% EOA HW02 - Solving constrained problems using evolutionary algorithms % František Boháček % 2025

#Intro

This is a report for hw02 for EOA course on CTU FEE. The goal has been to compare constrained evolutionary algorithms with two approaches:

1. Using stochastic ranking,
2. Using multi objective evaluation with the original fitness as first objective and weighted sum of constraints as second argument.

The report covers the implemented algorithms and the results on problems taken from "Problem Definitions and Evaluation Criteria for the CEC 2006"

#Used algorithms

#Stochastic ranking

This is one method to solve constrained problems. Stochastic ranking first sorts the individuals based on a stochastic sorting. Then, those ranked individuals are put to a tournament selection with their new rankings, instead of using their original evaluation.

Similar algorithms structure as bubble sort is utilized. It iterates through the population and swaps to elements when one is better than the other (lower fitness). But it does that only with probability p. With probability 1 - p it instead compares the constraint violations of both elements.

Generational replacement has been used to easily ensure that the stochastic ranking order is still respected during replacement. It would also be possible to use other replacement strategies, but then the stochastic ranking would have to run twice after the offsprings are made.
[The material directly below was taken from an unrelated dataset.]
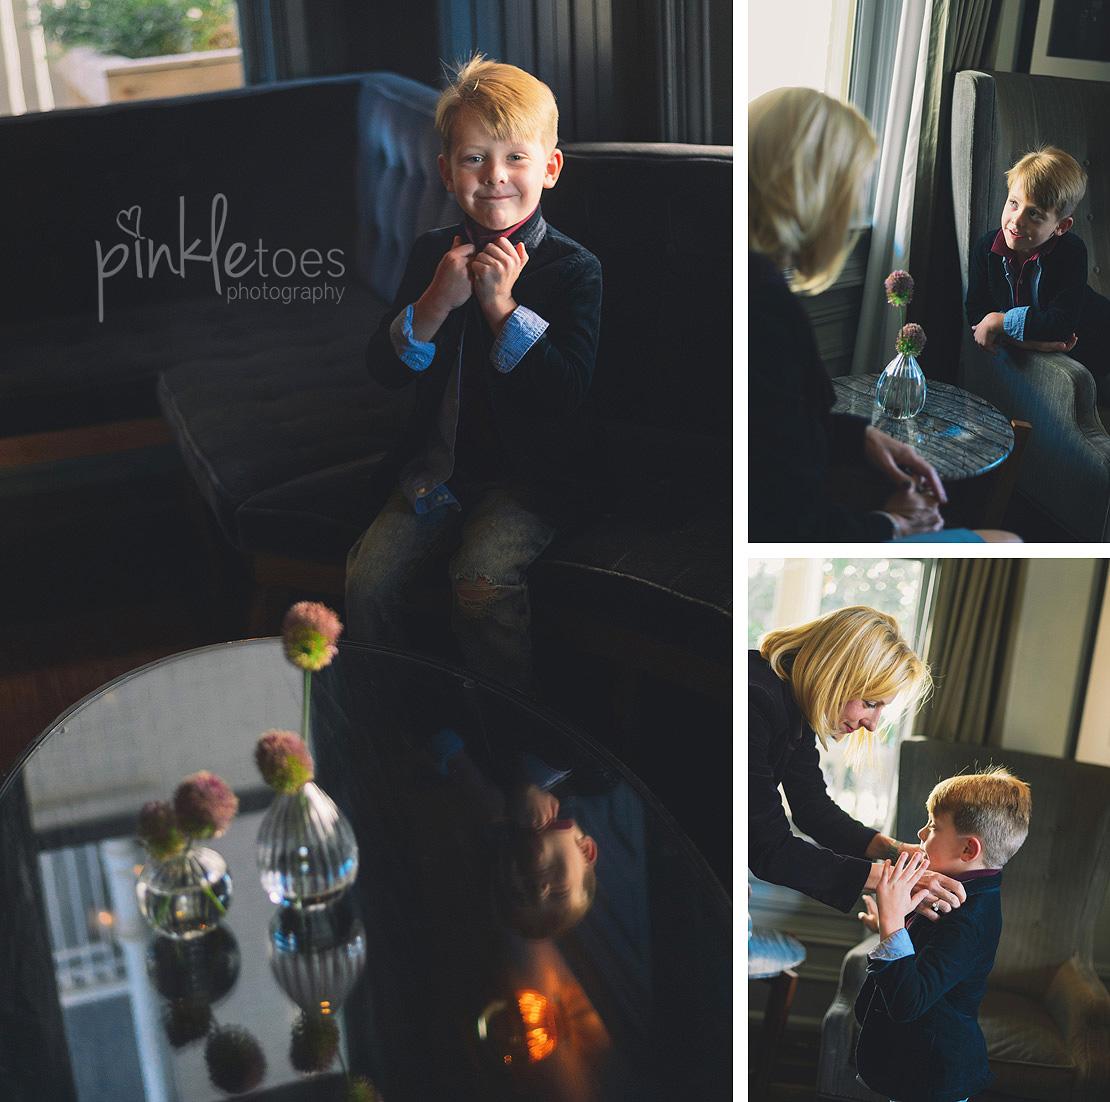 austin-child-model-photographer-kids-elite-photo-session-03

Stochastic ranking is implemented in eoa_lib/src/constraints.rs.

#Unconstrained multi objective evolution (NSGA-II)

As a second method, NSGA-II has been used to solve the constrained problems. It is mainly designed to solve multi-objective problems. But the constraint problem can be mapped to it by making the original objective the first objective and weighted sum of constraints as second objective. It works based on non-dominated fronts. All elements in one front are not dominated between each other. A dominates B if and only if A is not worse than B in all objectives and A is better than B in at least one objective. To obtain the first front, non-dominates solutions are obtained from the whole population. Then they are removed and the process is repeated to get second front and so on.
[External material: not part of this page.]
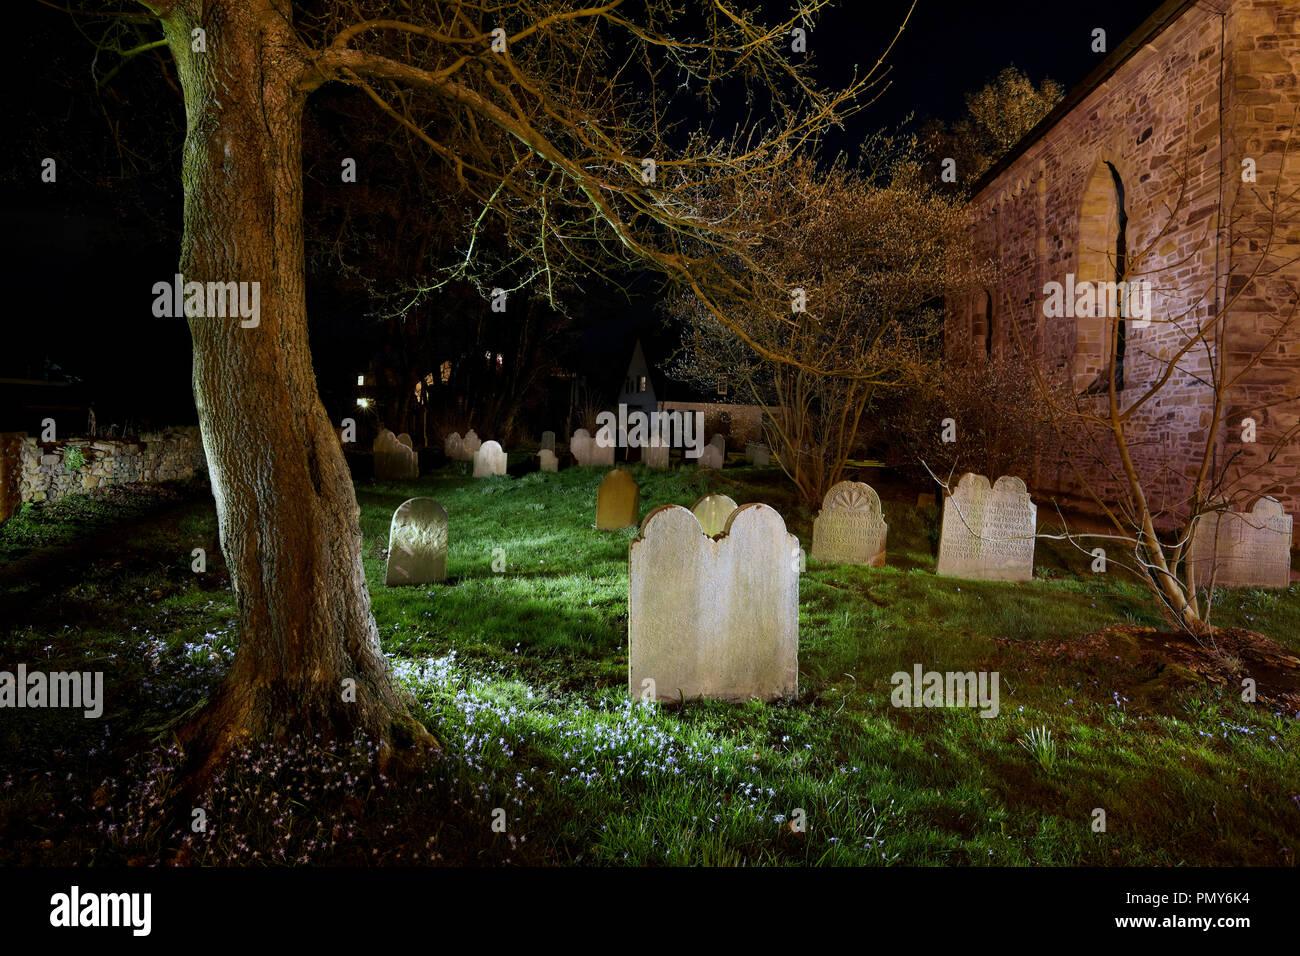 Viejas tumbas en el cementerio de la iglesia de la aldea Stiepeler en Bochum. Foto de stock

NSGA-II first sorts the elements based on the non dominated fronts. Then, within each front, crowding distance is calculated. Crowding distance is used to discourage solutions that are close to each other. For both selection and replacement the comparison is then done first according to the front number and within same front, according to the crowding distance. Higher crowding distance is preferred.

As part of NSGA-II, tournament selection is used and for replacement, best replacement is used, keeping only the best individuals from both original population and newly made offsprings. Specific parameters of using 5 candidates for tournament selection and probability of 0.99 for choosing the best candidate out of 5.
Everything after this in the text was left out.